Séamus Downey

Personal information
- Born: 13 June 1960 (age 65) Banbridge, Northern Ireland

Team information
- Discipline: Road

= Séamus Downey =

Cyclist from Northern Ireland

Séamus Downey (born 13 June 1960) is a former cyclist from Banbridge, County Down, Northern Ireland. He competed in the individual road race event at the 1984 Summer Olympics for Ireland and for Northern Ireland in the Commonwealth Games.

== Career ==
Downey started cycling for Banbridge Cycling Club as his uncle was also a member. He was selected to represent Northern Ireland at the 1982 Commonwealth Games in Brisbane, Australia in the road cycling event, despite never having left the island of Ireland before.

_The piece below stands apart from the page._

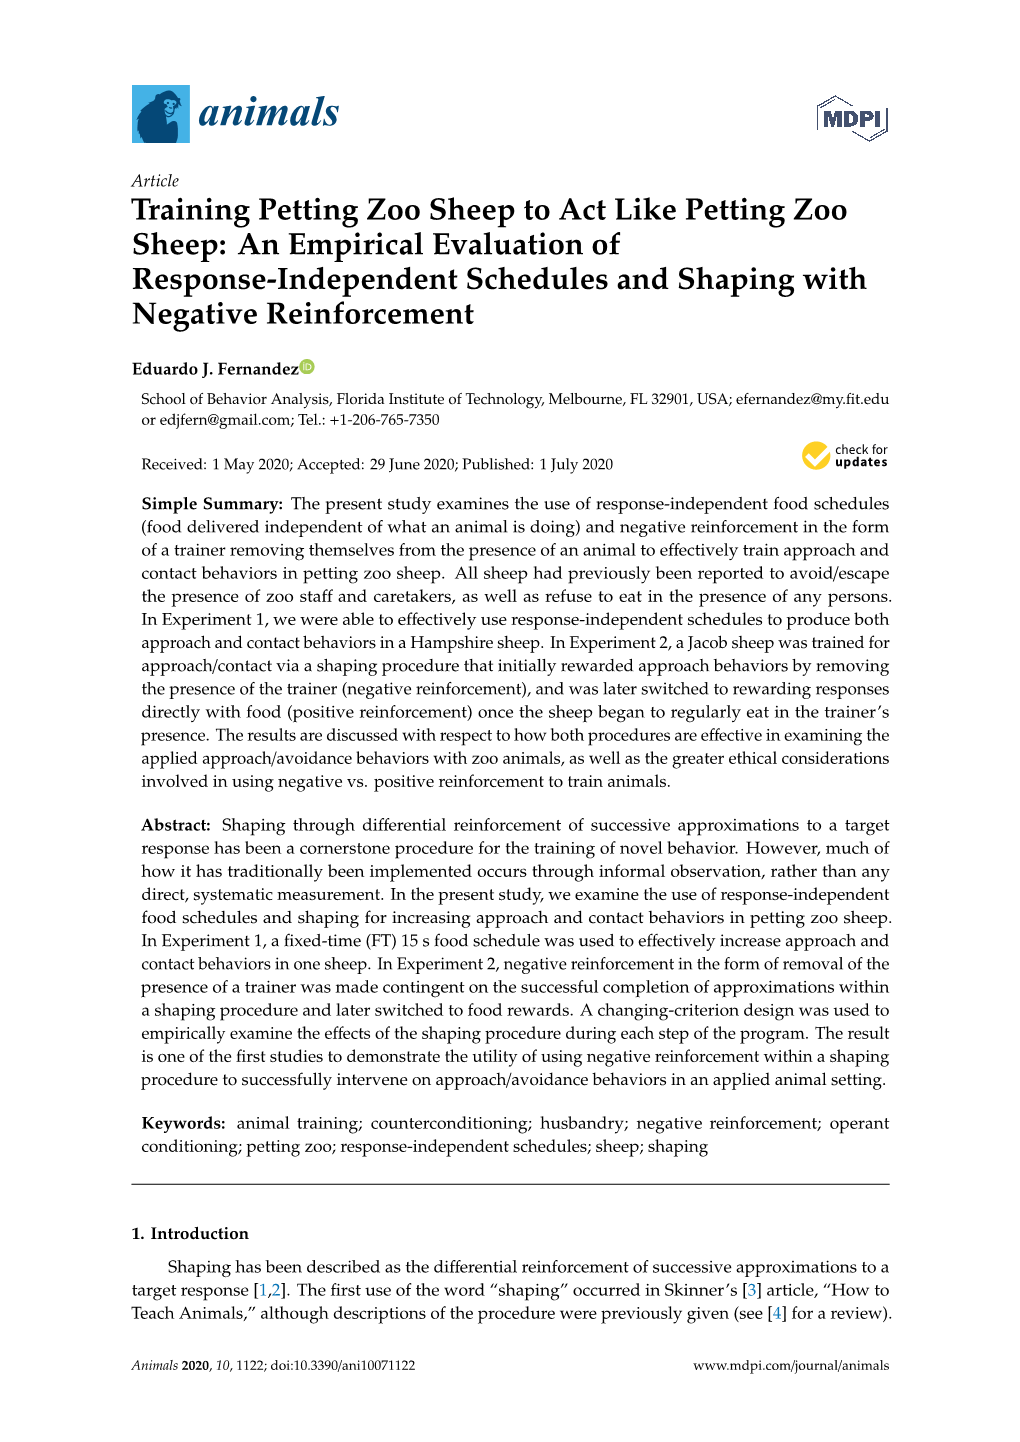 Training Petting Zoo Sheep to Act Like Petting Zoo Sheep: an Empirical Evaluation of Response-Independent Schedules and Shaping with Negative Reinforcement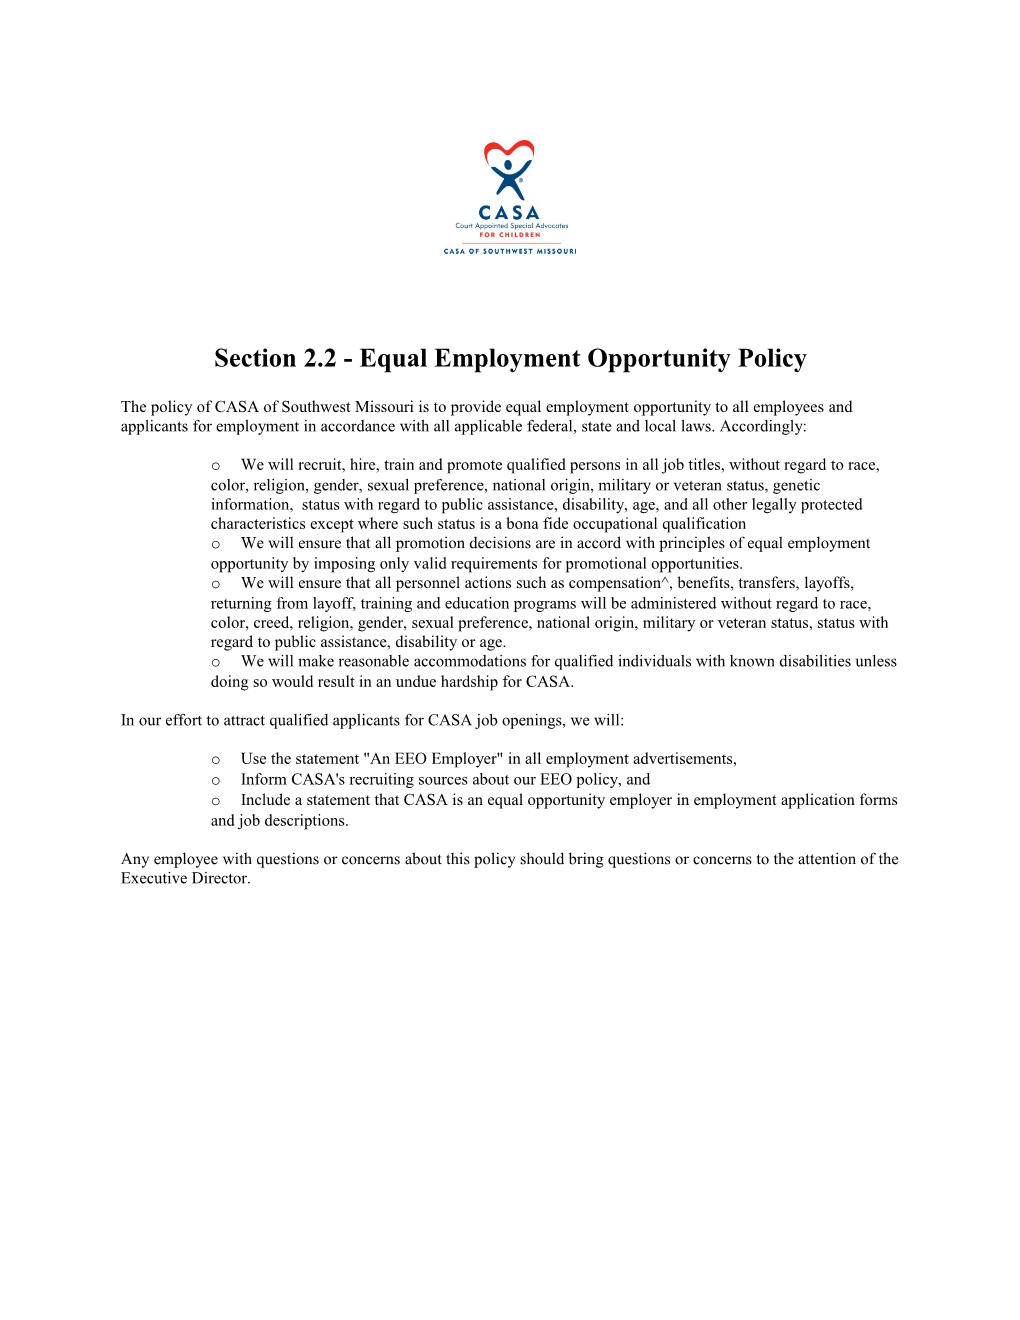 Section 2.2 - Equal Employment Opportunity Policy

Following the Commonwealth Games, he aimed to compete at the Olympics. He qualified for the 1984 Summer Olympics in Los Angeles, United States under the coaching of Pat McQuaid whom had arranged a sponsorship with Raleigh Bicycle Company so that the Irish athletes always rode their bikes. Downey was the only amateur member of the Irish Olympic cycling team and had to take time out from his teaching job at St Malachy's High School in Castlewellan in order to compete in qualification events. Downey finished 43rd in the Road Race at the Olympics. Opting not to turn professional, Downey competed for Northern Ireland in the 1986 Commonwealth Games road race in Edinburgh, Scotland.

== Personal life ==
After retiring, Downey moved to Dromore, County Down to open a bike shop. Downey has two sons, Mark and Sean, both of whom became competitive cyclists with Sean winning a bronze medal for Northern Ireland in the team pursuit at the 2010 Commonwealth Games in Delhi, India and Mark winning a bronze at the World Championships.